ClickWindowCountBolt wb = new ClickWindowCountBolt();
wb.withWindow(BaseWindowedBolt.Duration.seconds(2),
             BaseWindowedBolt.Duration.seconds(1));
tp.setBolt("ClickWindowCountBolt",wb,3)
   .fieldsGrouping("ClickMapBolt",new Fields("click"));

tp.setBolt("PrintClickBolt",new PrintClickBolt())
   .fieldsGrouping("ClickWindowCountBolt",new Fields("click"));

LocalCluster lc=new LocalCluster();
lc.submitTopology("window",new Config(),tp.createTopology());

Tuple时间戳和乱序

默认情况下,窗口中跟踪的时间戳是Bolt处理元组的时间。窗口计算基于处理时间戳执行。 Storm支持根据源生成的时间戳跟踪窗口。

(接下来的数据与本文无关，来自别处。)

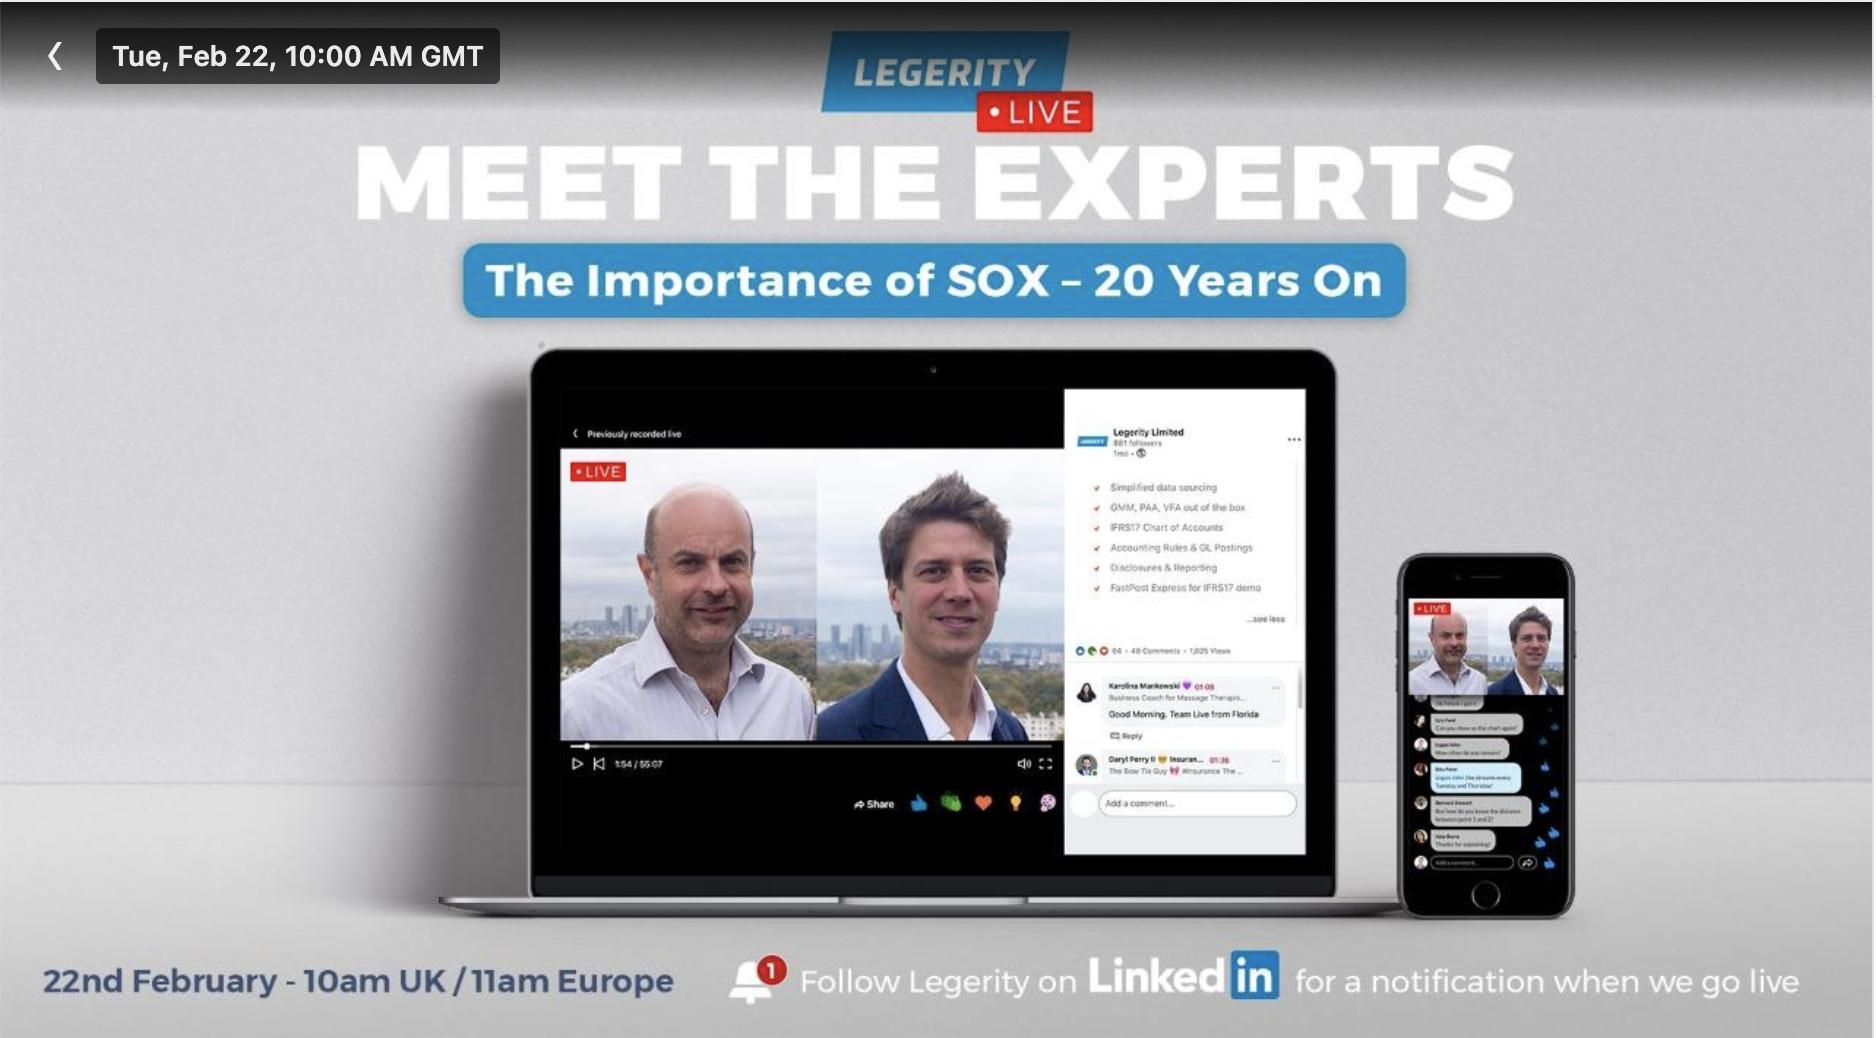 LIVE: Meet the Experts - The Importance of SOX 20 Years On

  • 指定属性该属性值必须是long类型,如果不存在就会抛出异常
public BaseWindowedBolt withTimestampField(String fieldName)
  • TimestampExtractor该实现也可以提取时间戳
public BaseWindowedBolt withTimestampExtractor(TimestampExtractor timestampExtractor)

推荐使用第二个方案,因为比较灵活。例如:

public class EventTimeTimestampExtractor implements TimestampExtractor {
    @Override
    public long extractTimestamp(Tuple tuple) {
        SimpleDateFormat sdf=new SimpleDateFormat("yyyy-MM-dd hh:mm:ss");
        Long start =tuple.getLongByField("timestamp");
        String word = tuple.getStringByField("word");
        System.out.println("收到:"+word+"	"+sdf.format(start));
        return tuple.getLongByField("timestamp");
    }
}

在给定时间戳之后,系统可以根据给定的时间戳计算window,此时允许用户处理最大乱序的时间.

public BaseWindowedBolt withLag(Duration duration)

如果超过最大延迟时间的元素系统会默认忽略处理。用户可以指定乱序处理的逻辑。用于专门处理乱序流逻辑。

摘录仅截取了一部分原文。